Previous literatures have suggested that advancing age is a notable risk factor for DPN. The prevalence of DPN has been shown to increase with age, reaching a peak in more than half of all patients with type 2 diabetes aged 60 years or older (4). Wang W et al. found that the DPN severity was accentuated in those aged over 60 years (11). The univariate and multivariate analyses from their study further indicated that age groups ≥50 years were 1.512-1.853 times more likely to develop DPN than those < 40 years. Similarly, Cheng Y et al. observed that patients older than 66 years had 2.65 times greater probability of developing DPN compared to those < 66 years old (12). DPN is well-recognized as a chronic complication that takes time to develop. It is hypothesized that the primary pathophysiological mechanisms contributing to the onset of DPN are associated with inflammation, oxidative stress and mitochondrial dysfunction, which typically occur during the aging process (1, 4, 13, 14). As individuals age, chronic inflammation and oxidative stress in nerve cells intensify, while the function of mitochondria in these nerve cells gradually declines. This culminates in an insufficient supply of cellular energy, subsequently triggering cellular apoptosis (14).
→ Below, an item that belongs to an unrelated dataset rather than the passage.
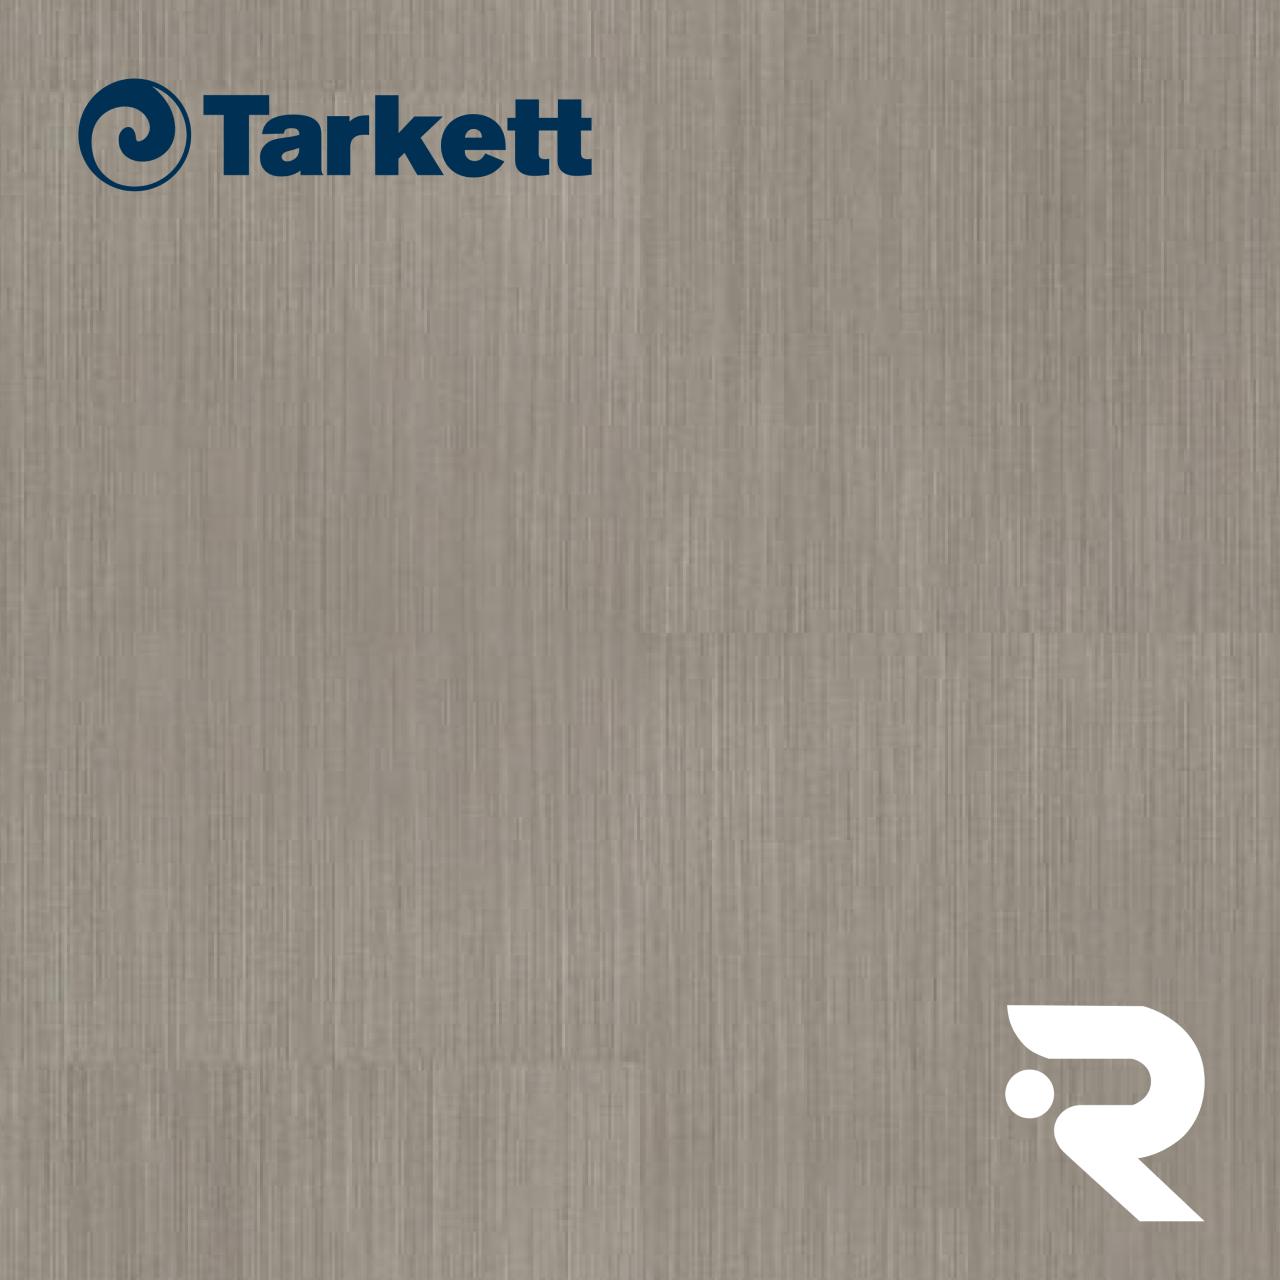 🌳 ПВХ плитка Tarkett | NEW AGE - VERNUM | Art Vinyl | 457 x 457 мм

Prior epidemiological studies have demonstrated that obesity represents a significant risk factor for developing DPN (1518). A study was performed to investigate the relationship between body composition and DPN (16). The study demonstrated that the presence of DPN was associated with visceral fat area (OR = 1.026; 95% CI, 1.005–1.048) after adjusting for age, sex, diabetes duration, and smoking status. It was thus concluded that abdominal obesity was associated with DPN. It is well known that abdominal obesity is characterized by the accumulation of visceral fat, with WC commonly used in clinical practice as an approximate measure of visceral fat content (19). In contrast, subcutaneous fat accumulates predominantly in the gluteal and lower extremity regions, making HC a widely employed indicator for the assessment of subcutaneous adipose tissue. The findings of our study indicated that HC was negatively associated with DPN, thereby acting as a protective factor for DPN. Similarly, Zhen Q et al. found that leg subcutaneous fat played a protective role in the development of DPN. The risk of developing DPN was reduced by 30% for every 1kg increase in subcutaneous leg fat (17). Appropriate subcutaneous fat mass may exhibit neuroprotective properties due to the lower lipolytic activity of subcutaneous adipose tissue and the preferential absorption of plasma free fatty acids, thereby protecting skeletal muscle from high levels of free fatty acids (17, 20).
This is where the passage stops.